一碗湯藥變兩碗灌下去,又是一番施針,才讓那蒼白如紙的面龐恢複了一點紅潤。大夫抹了一頭汗,對着宋吟晚那是連多的話都不及說,提筆唰唰寫了兩副方子,“一副治,一副溫補,重症要重劑,萬不可再折騰了,否則就是大羅神仙也難救!”

“記下了,絕對不會了!”宋吟晚一副受教,把方子臨摹了一份才交了封安手裏。

封安去抓藥,封肅守在了門外頭。宋吟晚回想起這人昏在馬車裏的情形,只怕是早就燒着的,卻還拖着在國公府,心裏更過意不去了。

“又不是非急在這一時,不會說不去麽。”宋吟晚小聲抱怨,抱怨完了又想到了國公府裏的情形,再看封鶴廷心底還有感激,“罷了罷了,當是欠你的。”

“你欠我的多了。

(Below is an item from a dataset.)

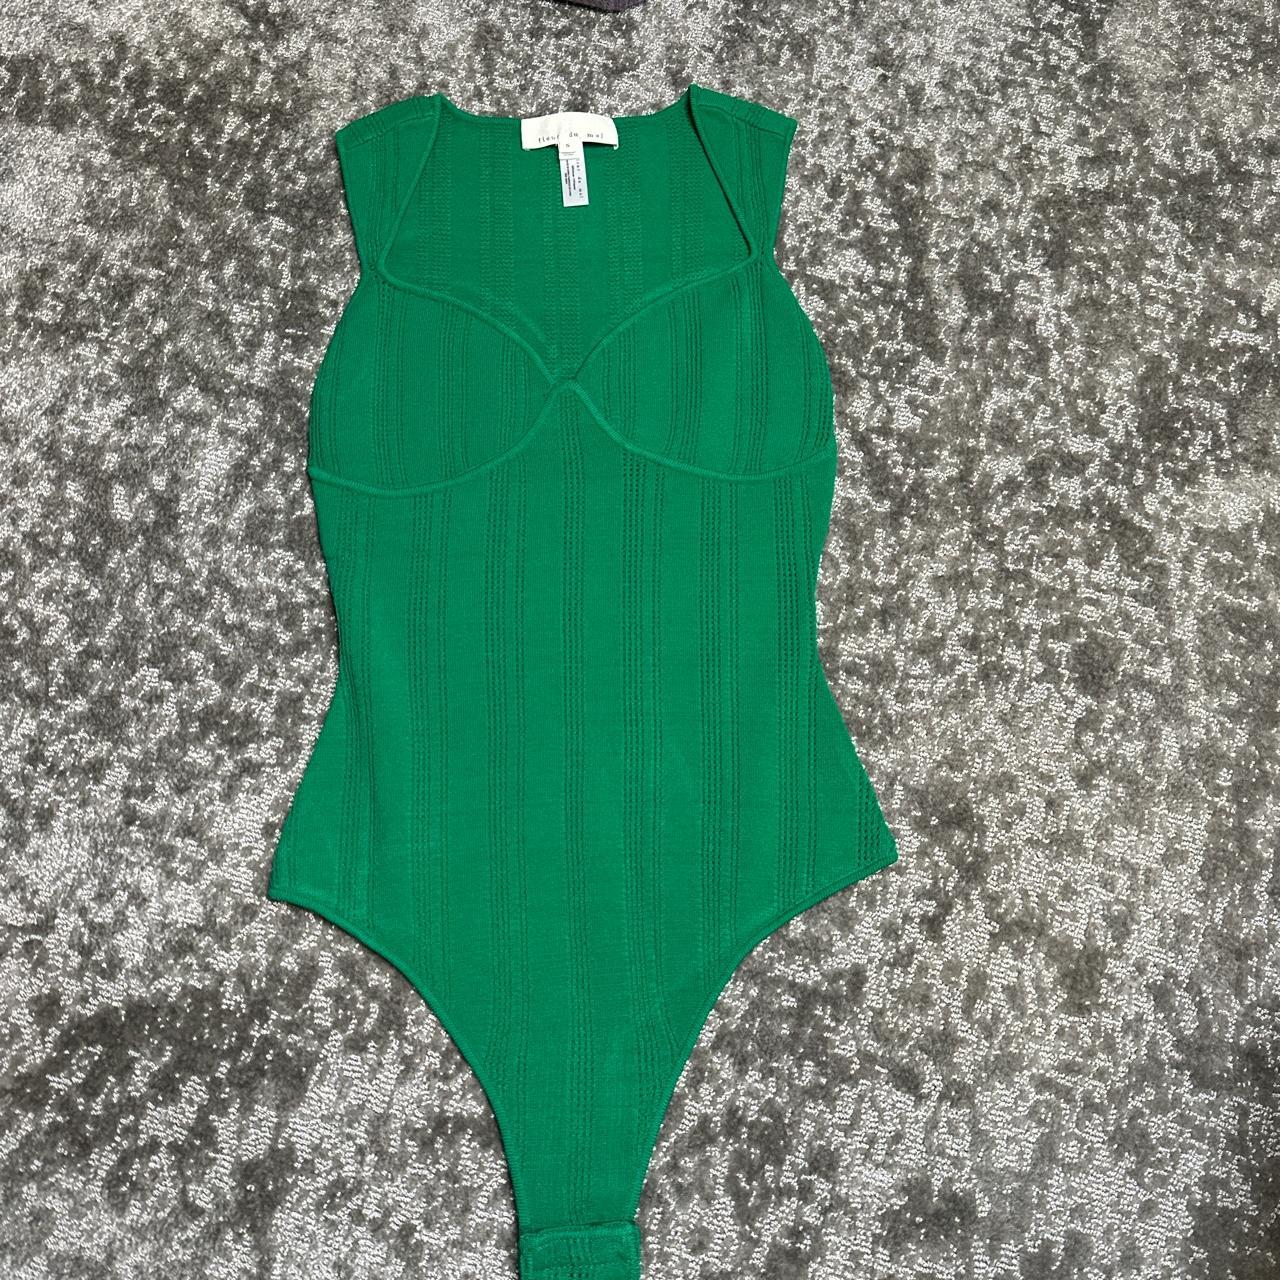 never worn fleur du mal green bodysuit - Depop

”

宋吟晚一怔。看了那說話的人,又開始念一名字,‘趙昭’還是‘棗棗’?這兩日聽到的次數多了,也覺出點意思來,看着封鶴廷的眼神都起了些變化,莫不是四叔的心上人?

這瞧着怕是苦戀。

可也沒聽四叔有什麽中意的姑娘啊?四叔慣能藏,看着是用了深情的,到底是哪家姑娘,還是紅粉頭?怪叫人好奇的。

“既然是有心上人幹嘛不去求娶人家,娶宋家的。”宋吟晚也就是一嘀咕,因着那一份愧疚,在房裏老老實實守着。

要喝水了給遞水,冷了熱了掖被角。

直到夜半,宋吟晚讓小廚房做了宵夜。

用砂鍋熬煮出來的米粥,肉糜化在了又綿又滑的粥裏,幾粒兒蔥花綴在上頭,顏色清爽促人食欲。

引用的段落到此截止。